Inverse Relationship between Multiplication and Division

The inverse relationship is a relationship between two numbers in which an increase in the value of one number results in a decrease in the value of the other number. The inverse relationship is also known as negative correlation in regression analysis; this means that when one variable increases, the other variable decreases, and vice versa.

Multiplication and Division Relationship

There is an inverse relationship between multiplication and division just like there was between addition and subtraction.

The equation 3 * 7 = 21 has the inverse relationships:

• 21 ÷ 3 = 7
• 21 ÷ 7 = 3

Similar relationships exist for the division. The equation 45 ÷ 5 = 9 has the inverse relationships:

• 5 * 9 = 45
• 9 * 5 = 45 Explanation

A multiplicative inverse is reciprocal. What is a reciprocal? A reciprocal is one of a pair of numbers that when multiplied by another number equals the number 1. For example, if we have the number 7, the multiplicative inverse, or reciprocal, would be 1/7 because when you multiply 7 and 1/7 together, you get 1!

Examples

Let’s look at a couple examples before proceeding with the lesson.

Example 1: What is the multiplicative inverse of 15? In other words, which number, when multiplied with 15, would give us the number 1 as a result? Let’s solve this in an algebraic way, with x being the unknown multiplicative inverse.

15 * x = 1

x = 1/15

That’s it! It was really that simple! The multiplicative inverse of a number is that number as the denominator and 1 as the numerator. When we multiply 15 and 1/15, we get 1.

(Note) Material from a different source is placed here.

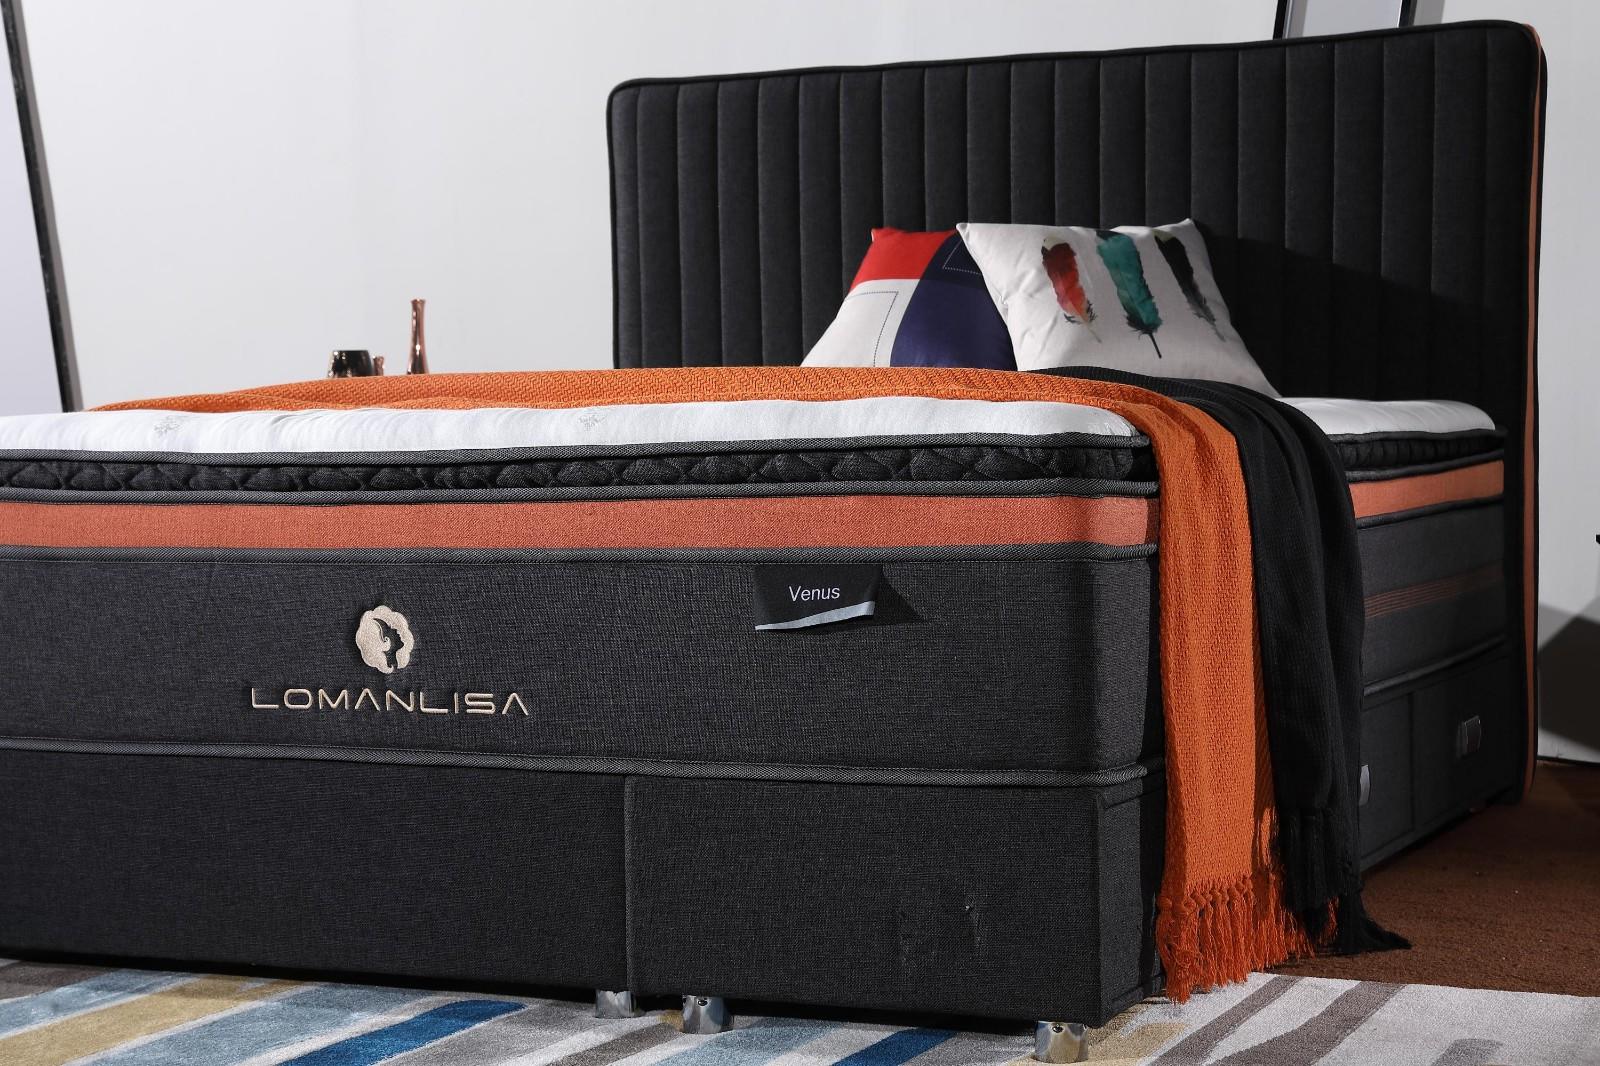 JLH zoned japanese futon mattress cost for tavern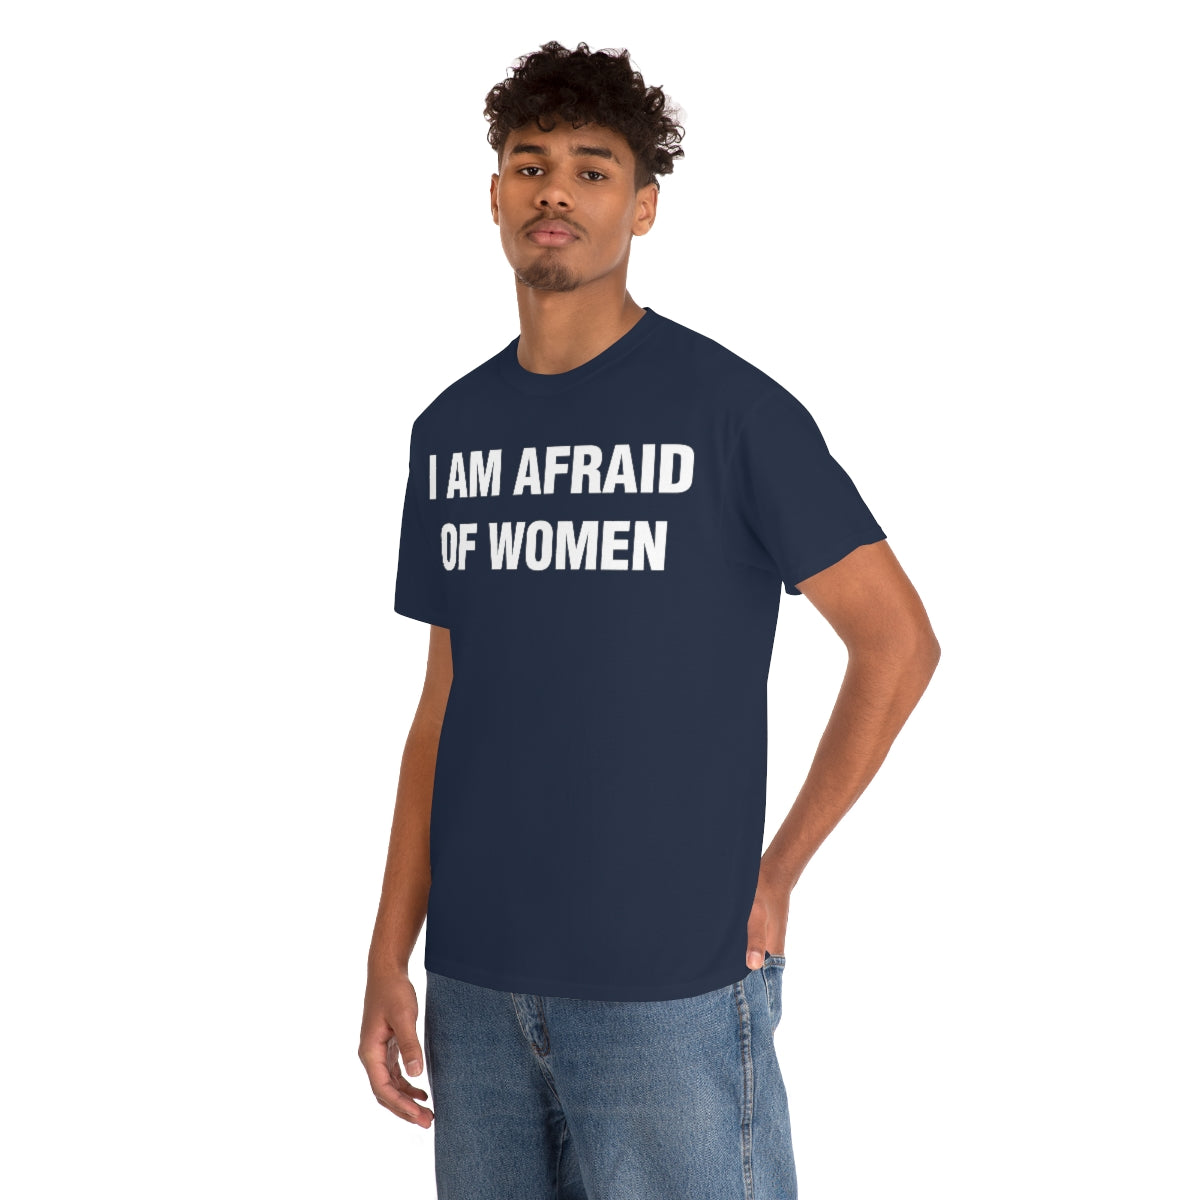 I AM AFRAID OF WOMEN TEE

Example 2: What is the multiplicative inverse of 1/4? Now, this example is a little different because we are beginning with a fraction. Let’s again solve this algebraically, with x being the unknown multiplicative inverse of 1/4.

1/4 * x = 1

x = 1 / (1/4)

(1/1) / (1/4) = (1/1) * (4/1) = 4

Remember that when you divide fractions, you must flip the numerator and denominator of the second fraction and then multiply. We got 4 as the multiplicative inverse of 1/4. Makes sense, right?

So, the conclusion that we can draw from these two examples is that when you have a whole number, the multiplicative inverse of that number will be that number in fraction form with the whole number as the denominator and 1 as the numerator. When you have a fraction with 1 as the numerator, the multiplicative inverse of that fraction will simply be the denominator of the fraction.